The data set olympics.csv (found at https://raw.githubusercontent.com/Shammalamala/DS-2870-Data-Sets/main/olympics.csv) has data on about 6000 Olympic athletes that completed in 2024 Olympic games in one of 10 sports:
Athletics, Swimming, Rowing, Judo, Shooting, Sailing, Volleyball, Equestrian, Fencing, Boxing, Cycling Road, Gymnastics
(Athletics is a catchall for Track and Field style of events)
The two relevant columns are:
sport: Which of the 10 sports the athlete participated in
age: The age the athlete is at the start of the 2024 Olympic games
Using the data set, create the side-by-side box plots seen in Brightspace. The hex codes for the colors are #0081c8 and #FCB131.
To reorder the sports to match what is in Brightspace, use
fct_reorder()
(to see how it works, the help menu is your
friend!)
ggplot(
# Reading the data directly into ggplot (a bit of a shorcut)
data = read.csv("https://raw.githubusercontent.com/Shammalamala/DS-2870-Data-Sets/main/olympics.csv"),
# Mapping age to x and a reordered sports (by age) to y
mapping = aes(
x = age,
y = fct_reorder(sport, age)
)
) +
# Creating the box plots of age by sport
geom_boxplot(
fill = "#0081c8",
color = "#FCB131"
) +
# Changing the labels and adding a title and subtitle
labs(
x = NULL, # Removing the space for an x-axis label
y = "Sport",
title = "Age of Olympians at the start of the Olympics by sport",
subtitle = "10 of the most common sports only"
) +
# Changing the default theme and centering the title and subtitle
theme_bw() +
theme(
plot.title = element_text(hjust = 0.5, size = 16, face = "bold"),
plot.subtitle = element_text(hjust = 0.5, size = 12)
)
The used cars.csv file has info about 400 cars listed on Craigslist in 2023 (github link: https://raw.githubusercontent.com/Shammalamala/DS-2870-Data-Sets/main/used%20cars.csv)
The columns are:
Create the first graph for question 2 seen in Brightspace. Save it as gg_q2a and make sure to display it in the knitted document
gg_q2a <-
ggplot(
# Reading the data directly into ggplot()

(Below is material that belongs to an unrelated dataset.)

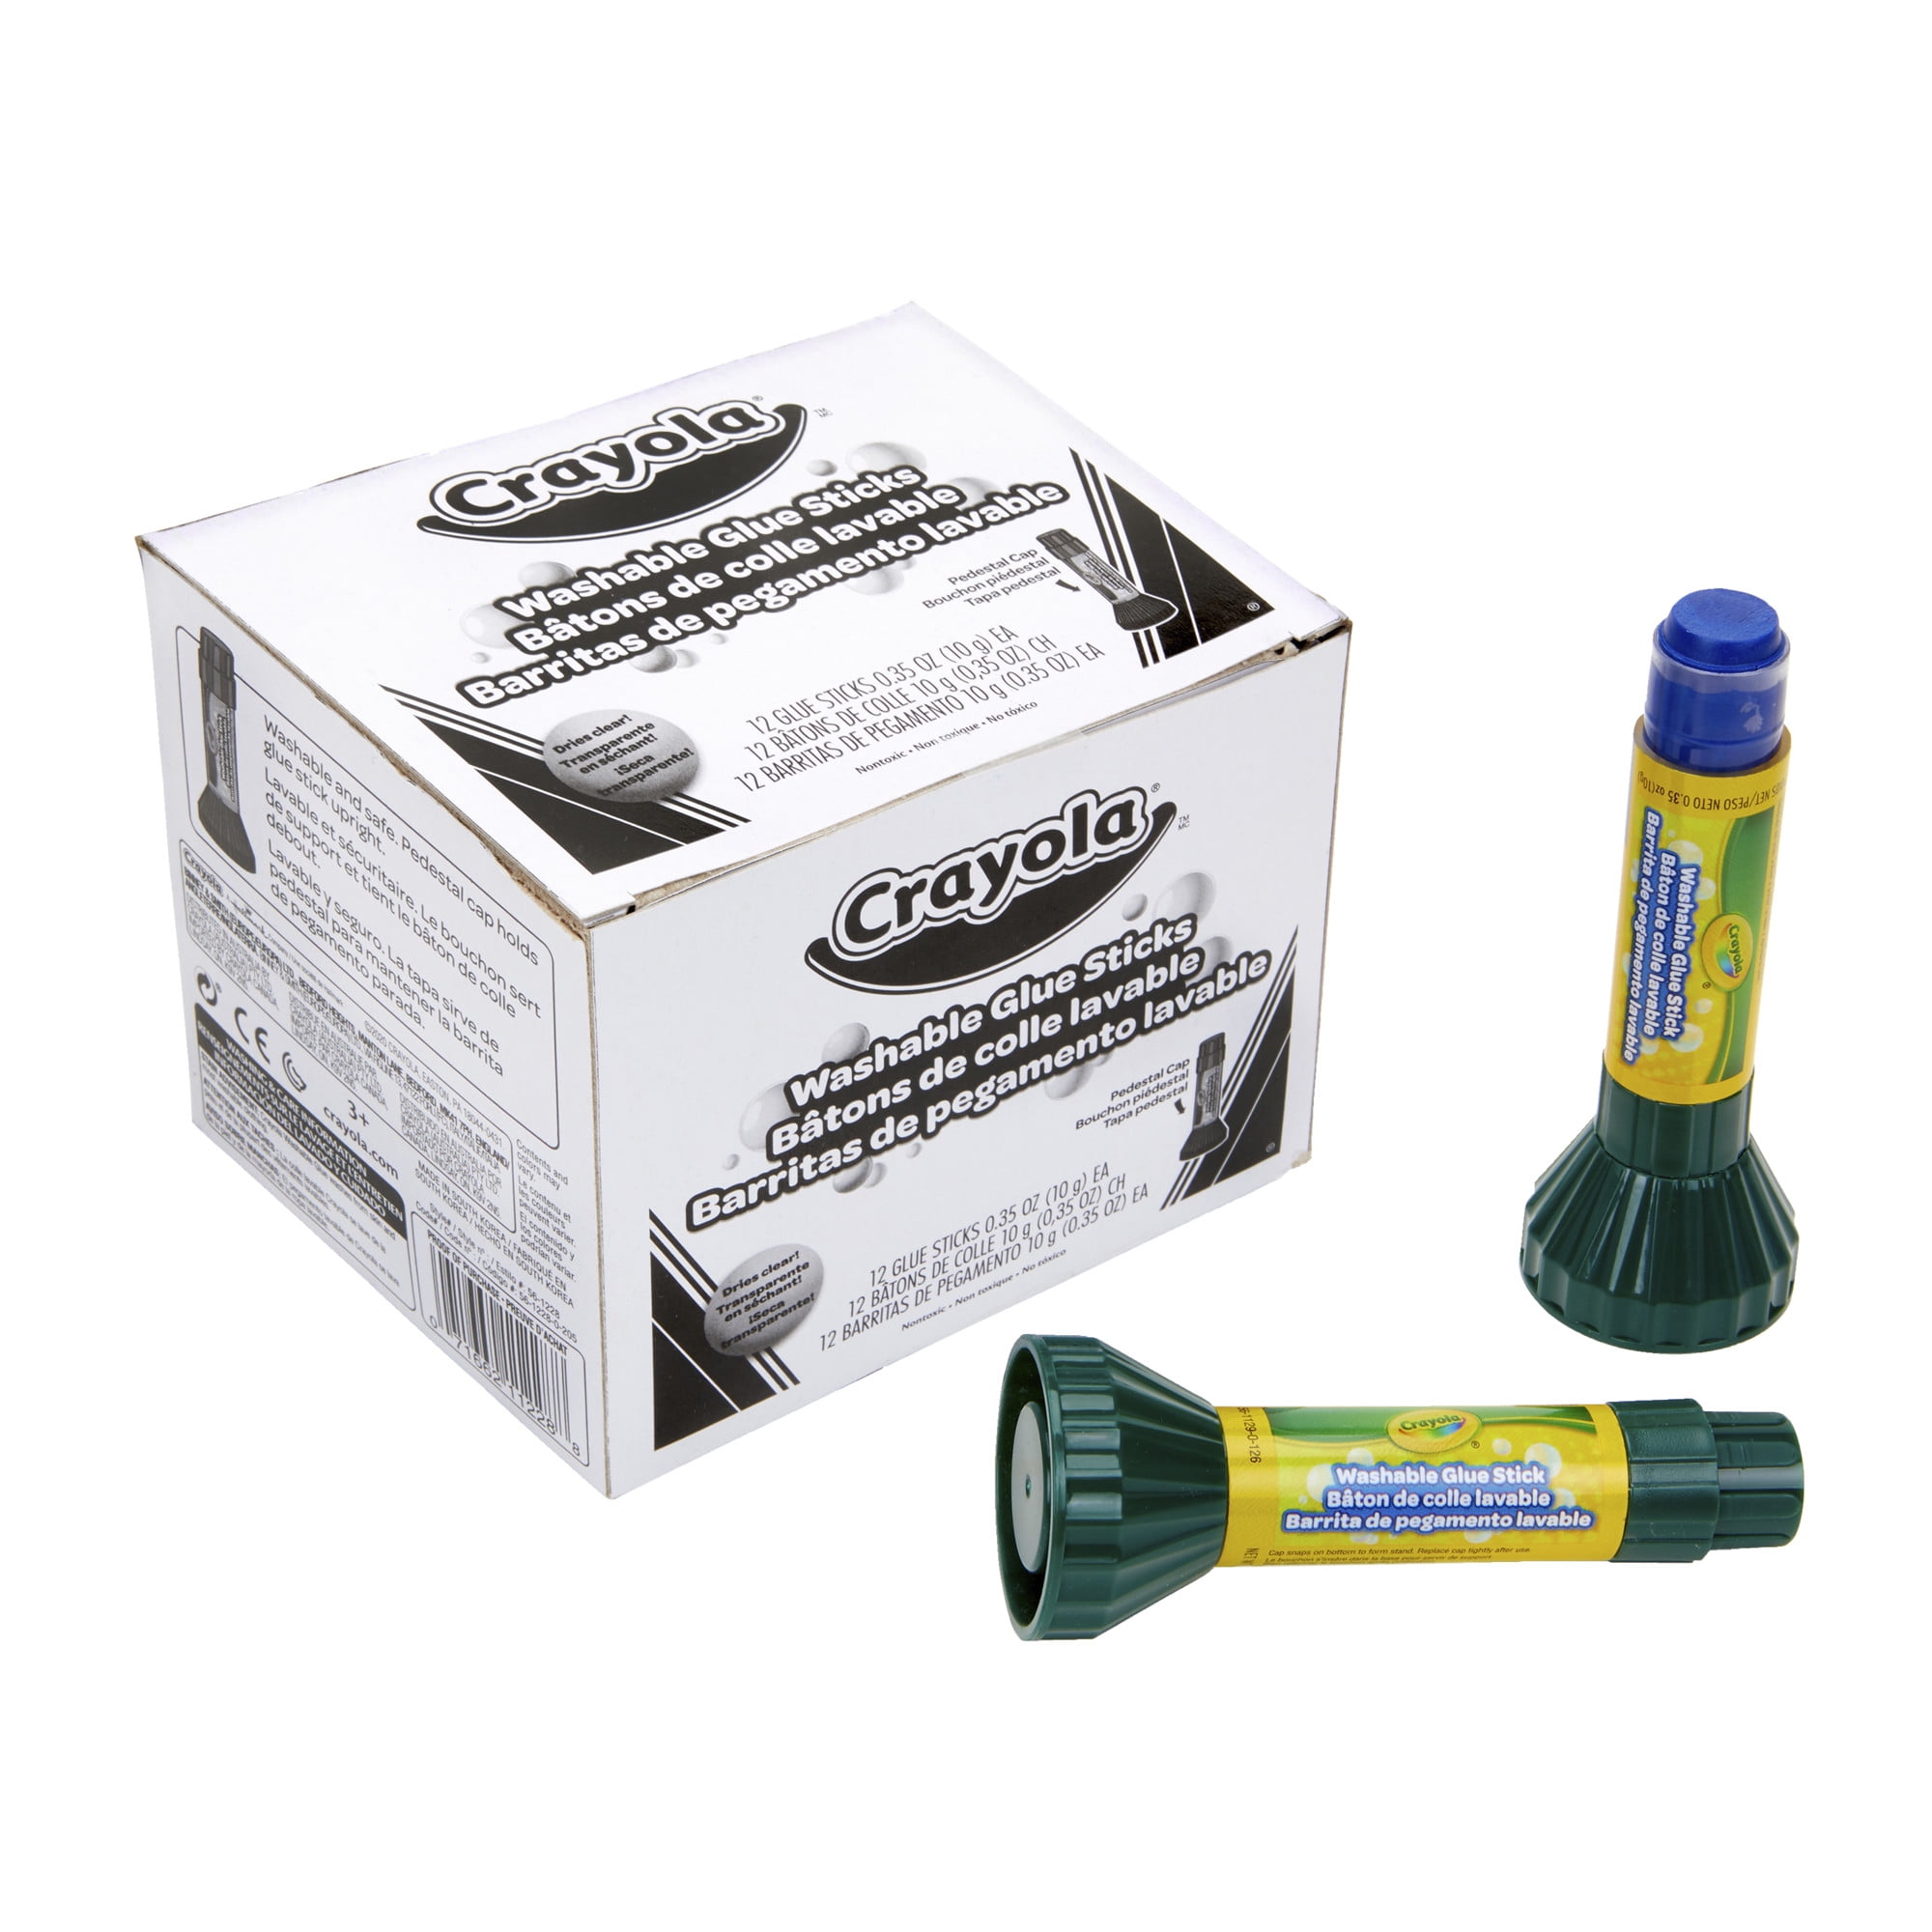 Crayola Glue, School - 4 lf oz (118 ml)

data = read.csv("https://raw.githubusercontent.com/Shammalamala/DS-2870-Data-Sets/main/used%20cars.csv"),
# Mapping the columns to the corresponding aesthetics
mapping = aes(
x = odometer,
y = price,
color = manufacturer
)
) +
# Adding the points and a trend line
geom_point() +
geom_smooth(
method = "lm", # Straight line
se = F, # No shaded confidence region
formula = y ~ x, # Default formula
show.legend = F, # No line in the color guide
color = "black" # black line (overrides color = manufacturer)
)
gg_q2a
Using gg_q2a, add the title, subtitle, and caption and change/remove the labels for x, y, and color as seen in Brightspace. Change the legend to match Brightspace and move the legend to the top right corner of the plot.

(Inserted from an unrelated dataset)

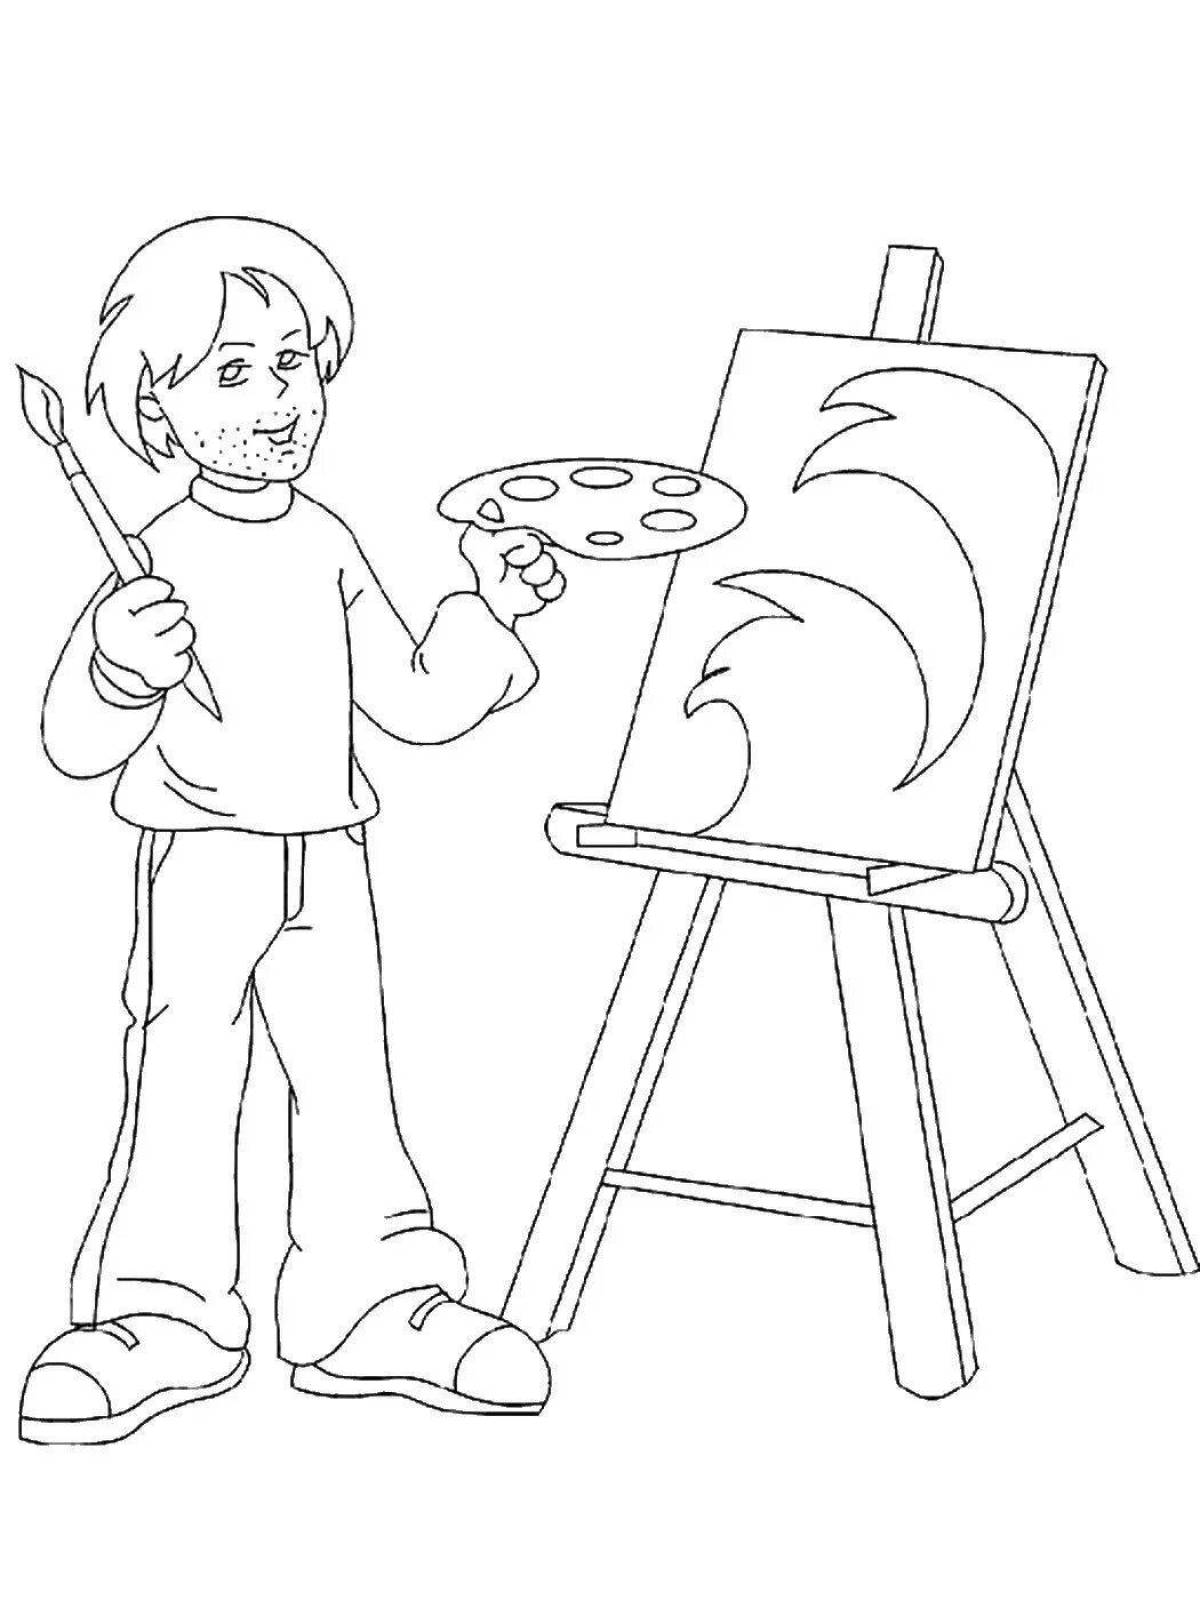 Fun coloring artist profession

Save it as gg_q2b display it in the knitted document.
gg_q2b <-
gg_q2a +
# Changing the labels and adding the title, subtitle, and caption
labs(
x = "Mileage",
y = NULL,
color = NULL,
title = "Used Cars for Sale",
subtitle = "Listed on Craiglist in 2023",
caption = "Data: kaggle.com"
) +
# Changing the theme and moving the legend to inside the plot
theme_classic() +
theme(
legend.position = "inside",
legend.position.inside = c(0.9, 0.9)
)
gg_q2b
Make the final changes to the graph in gg_q2b that can be seen in Brightspace. Make sure to pay close attention to the color guide!
The colors used are
Ford: #47a8e5 Chevrolet: #D1AD57 Honda: #CC0000 Jeep: #485F2B
gg_q2b +
# Changing the y-axis labels to have $ and be every $10k
scale_y_continuous(
labels = scales::label_dollar(),
breaks = seq(from = 0, to = 6e4, by = 1e4)
) +
# x-axis not in scientific notation
scale_x_continuous(
labels = scales::label_comma(),
#breaks = seq(from = 0, to = 2e5, by = 25e3)
) +
# Changing the colors used and labels for the manufacturer
scale_color_manual(
labels = c(chevrolet ="Chevrolet", ford ="Ford",
honda ="Honda", jeep = "Jeep"),
values = c(chevrolet = "#D1AD57", ford = "#47a8e5",
honda = "#CC0000", jeep = "#485F2B")
)
Create a set of 4 scatter plots with a fitted line in the same overall graph - 1 for each manufacturer.
Each individual plot should have odometer on the x-axis, price on the y-axis, and age of the car represented by color.
ggplot(
data = read.csv("https://raw.githubusercontent.com/Shammalamala/DS-2870-Data-Sets/main/used%20cars.csv"),
mapping = aes(
x = odometer,
y = price,
color = 2023 - year # age = 2023 - year
)
) +
# Adding points and a trend line
geom_point() +
geom_smooth(
method = "lm",
se = F,
formula = y ~ x,
show.legend = F,
color = "black"
) +
# Adding context
labs(
x = "Mileage",
y = NULL,
color = "Age",
title = "Used Cars for Sale",
subtitle = "Listed on Craiglist in 2023",
caption = "Data: kaggle.com"
) +
# Changing the theme
theme_bw() +
# Creating 4 plots (small multiples) for each manufacturer
facet_wrap(
facets = vars(manufacturer)
)